Abstract: Vision large language models (VLLMs) are focusing primarily on handling complex and fine-grained visual information by incorporating advanced vision encoders and scaling up visual models. However, these approaches face high training and inference costs, as well as challenges in extracting visual details, effectively bridging across modalities. In this work, we propose a novel visual framework, MoCHA, to address these issues. Our framework integrates four vision backbones (i.e., CLIP, SigLIP, DINOv2 and ConvNeXt) to extract complementary visual features and is equipped with a sparse Mixture of Experts Connectors (MoECs) module to dynamically select experts tailored to different visual dimensions. To mitigate redundant or insufficient use of the visual information encoded by the MoECs module, we further design a Hierarchical Group Attention (HGA) with intra- and inter-group operations and an adaptive gating strategy for encoded visual features. We train MoCHA on two mainstream LLMs (e.g., Phi2-2.7B and Vicuna-7B) and evaluate their performance across various benchmarks. Notably, MoCHA outperforms state-of-the-art open-weight models on various tasks. For example, compared to CuMo (Mistral-7B), our MoCHA (Phi2-2.7B) presents outstanding abilities to mitigate hallucination by showing improvements of 3.25% in POPE and to follow visual instructions by raising 153 points on MME. Finally, ablation studies further confirm the effectiveness and robustness of the proposed MoECs and HGA in improving the overall performance of MoCHA.
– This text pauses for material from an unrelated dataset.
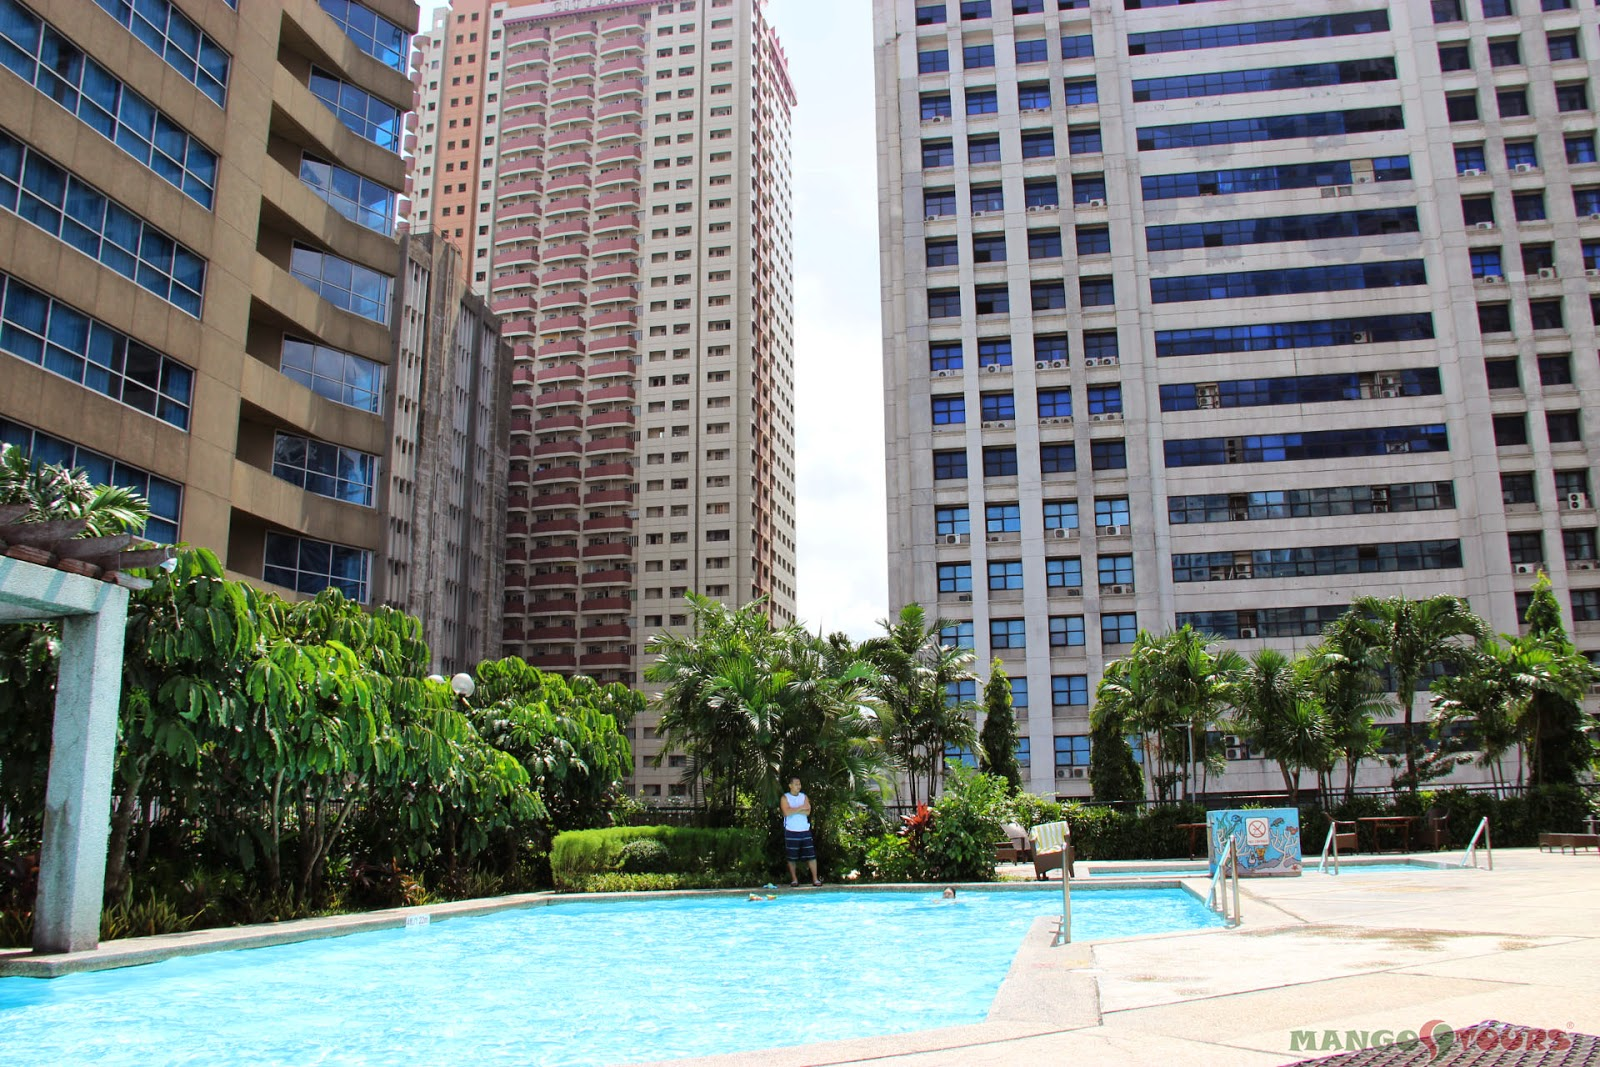 Mango Tours Holiday Inn Manila Galleria Philippines

Comment: The paper presents MoCHA, which uses a sparse Mixture of Experts Connectors module, aligning with the model architecture criterion.

Relevance: 9 Novelty: 8

9. Representation biases: will we achieve complete understanding by analyzing representations?

ArXiv ID: 2507.22216

Authors: Andrew Kyle Lampinen, Stephanie C. Y. Chan, Yuxuan Li, Katherine Hermann

Abstract: A common approach in neuroscience is to study neural representations as a means to understand a system -- increasingly, by relating the neural representations to the internal representations learned by computational models. However, a recent work in machine learning (Lampinen, 2024) shows that learned feature representations may be biased to over-represent certain features, and represent others more weakly and less-consistently. For example, simple (linear) features may be more strongly and more consistently represented than complex (highly nonlinear) features. These biases could pose challenges for achieving full understanding of a system through representational analysis. In this perspective, we illustrate these challenges -- showing how feature representation biases can lead to strongly biased inferences from common analyses like PCA, regression, and RSA. We also present homomorphic encryption as a simple case study of the potential for strong dissociation between patterns of representation and computation. We discuss the implications of these results for representational comparisons between systems, and for neuroscience more generally.

Comment: The paper discusses representation biases in neural networks, which aligns with the topic of representation learning by providing insights into how deep networks encode information.

Relevance: 9 Novelty: 7

10. Synchronization of mean-field models on the circle

ArXiv ID: 2507.22857

Authors: Yury Polyanskiy, Philippe Rigollet, Andrew Yao

Abstract: This paper considers a mean-field model of $n$ interacting particles whose state space is the unit circle, a generalization of the classical Kuramoto model. Global synchronization is said to occur if after starting from almost any initial state, all particles coalesce to a common point on the circle. We propose a general synchronization criterion in terms of $L_1$-norm of the third derivative of the particle interaction function. As an application we resolve a conjecture for the so-called self-attention dynamics (stylized model of transformers), by showing synchronization for all $\beta \ge -0.16$, which significantly extends the previous bound of $0\le \beta \le 1$ from Criscitiello, Rebjock, McRae, and Boumal (2024). We also show that global synchronization does not occur when $\beta < -2/3$.

Comment: The paper provides theoretical insights into synchronization in mean-field models, with an application to self-attention dynamics in transformers, which aligns with the interest in model architecture analysis.